Conforme abordado por Friestad e Wright (1994), o principal aspecto influenciado por esta interação são as atitudes e, por consequência, os prováveis comportamentos advindos. Para Allport (1924), é por meio das atitudes que a Psicologia Social procura descrever as percepções de maior significância que determinados indivíduos têm em relação à ordem social ou às suas predisposições comportamentais relacionadas a essa mesma ordem.

Segundo Solomon (2010), a atitude é a base sobre a qual foi constituída a Psicologia Social e reflete a predisposição do indivíduo para comportar-se de maneira singular.
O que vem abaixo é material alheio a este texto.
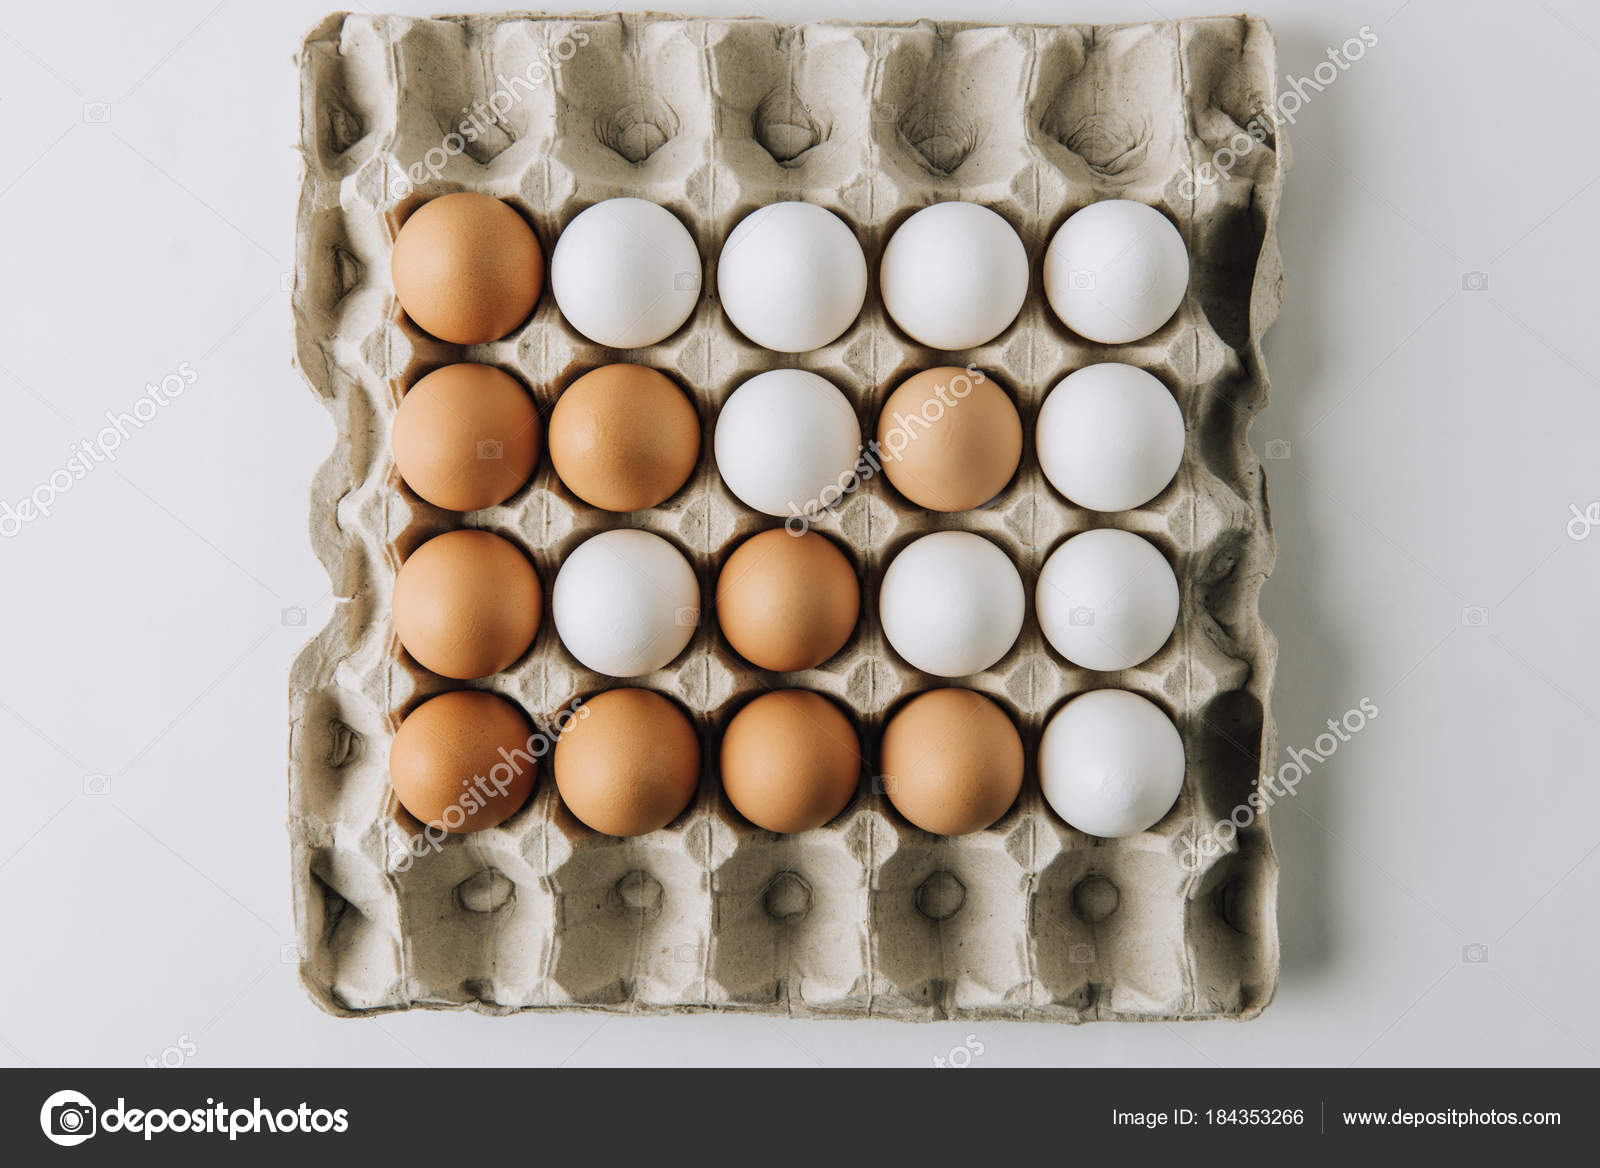 White Brown Eggs Laying Egg Carton White

Para o autor, as atitudes relacionam-se com os aspectos importantes da vida social do consumidor, incitando expectativas e avaliações referentes ao próprio comportamento e ao comportamento alheio.
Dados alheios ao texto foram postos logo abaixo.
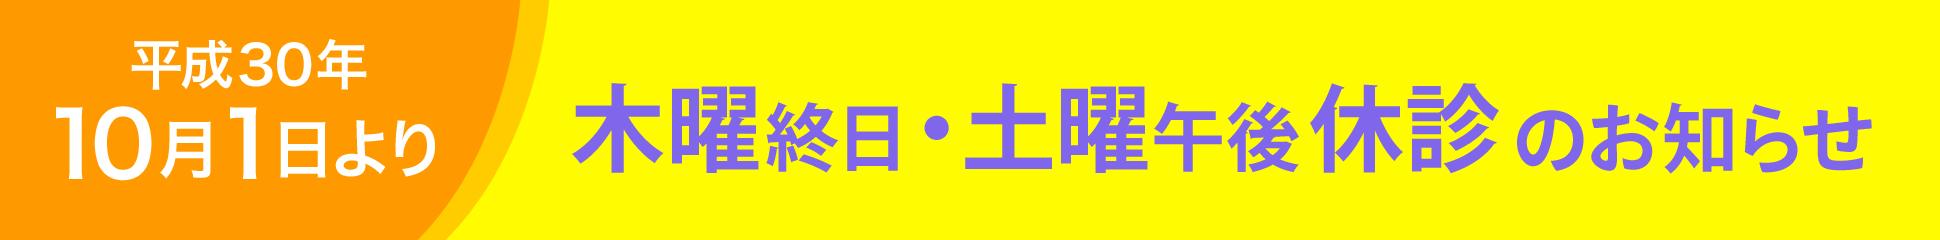 平成30年10月1日より、木曜終日・土曜午後休診のお知らせ

Ademais à Economia e à Psicologia, a Antropologia e a Sociologia vêm contribuindo, significativamente, para o entendimento do comportamento do consumidor.

Rocha et al. (1999, p. 10-11) demonstraram que vários autores já observaram a importância do simbolismo no consumo: Veblen, em 1965, demonstrou como o consumo é uma forma de individualização; Baudrillard, em 1968 e 1970, evidencia o consumo como uma forma de relação entre indivíduo e grupos sociais por meio de manipulação de signos; Douglas, em 1978, argumenta que “a posse”; Mauss, 1988, demonstrou o consumo como forma de comunicação de aspectos simbólicos dos indivíduos e grupos.

Em compilado sobre a evolução da Antropologia nos estudos do comportamento do consumidor realizado por Vilas Boas, Brito e Sette (2006), vários aspectos e autores são apresentados evidenciando esta importância. Conforme os autores, Durgee, em 1986, já havia demonstrado a importância de pesquisas qualitativas e de conceitos do simbolismo antropológico para os estudos de significados de produtos. Luthans, em 1992, visualizou os bens materiais como uma forma de simbolismo de status determinante do ranking na hierarquia de uma determinada cultura/sociedade. Levy, em 1959, e Wolff, em 2002, já haviam verificado que o consumo se estendia além das funcionalidades para um ato simbólico, seja por atributo interno do bem/serviço, pelo seu valor monetário, ou mesmo pela marca ou empresa, fazendo com que o comprador utilizasse estes aspectos como forma de retratar sua personalidade.

De forma específica, de acordo com Sheth, Gardner e Garret (1988), os estudos da escola do comportamento do consumidor buscavam, já na década de 1960 e 1970, conceitos e metodologias da Sociologia e da Antropologia. Os autores apontam os estudos de Hall, em 1960, o qual propõe, a partir da Antropologia Cultural, um modelo de barreiras entre negócios

internacionais e negociações de marketing, com base nas denominadas linguagens silenciosas:

tempo, espaço, amizade, posse material e natureza dos contratos. Além disso, apontam, citando Hofstede et al., em 1999, e Vriens e Hofstede, em 2000, não apenas o simbolismo e a cultura como caracterizadores do consumo, mas, também, como aspectos que determinam estruturas de mercados e delineiam valores, crenças e sentimentos intrínsecos a elas, apontando a etnografia como método de entendimento mais amplo destas inter-relações.

Sheth, Gardner e Garret (1988) também demonstram contribuições da Sociologia para o entendimento do comportamento do consumidor, por meio dos estudos de Warner, Meeker e Eells, em 1949, Katz e Lazarsfeld, em 1955, e de Rogers, em 1962, tendo incluído construtos tais como difusão e inovações, classe e estratificação social, liderança e influência pessoal, com a utilização de métodos como grupos focais e entrevistas não estruturadas.

Apesar das diversas correntes e teorias sobre o comportamento do consumidor, a questão que as une, conforme Sheth, Gardner e Garret (1988, p. 110), é a mesma: por que os clientes se comportam da maneira como fazem no mercado?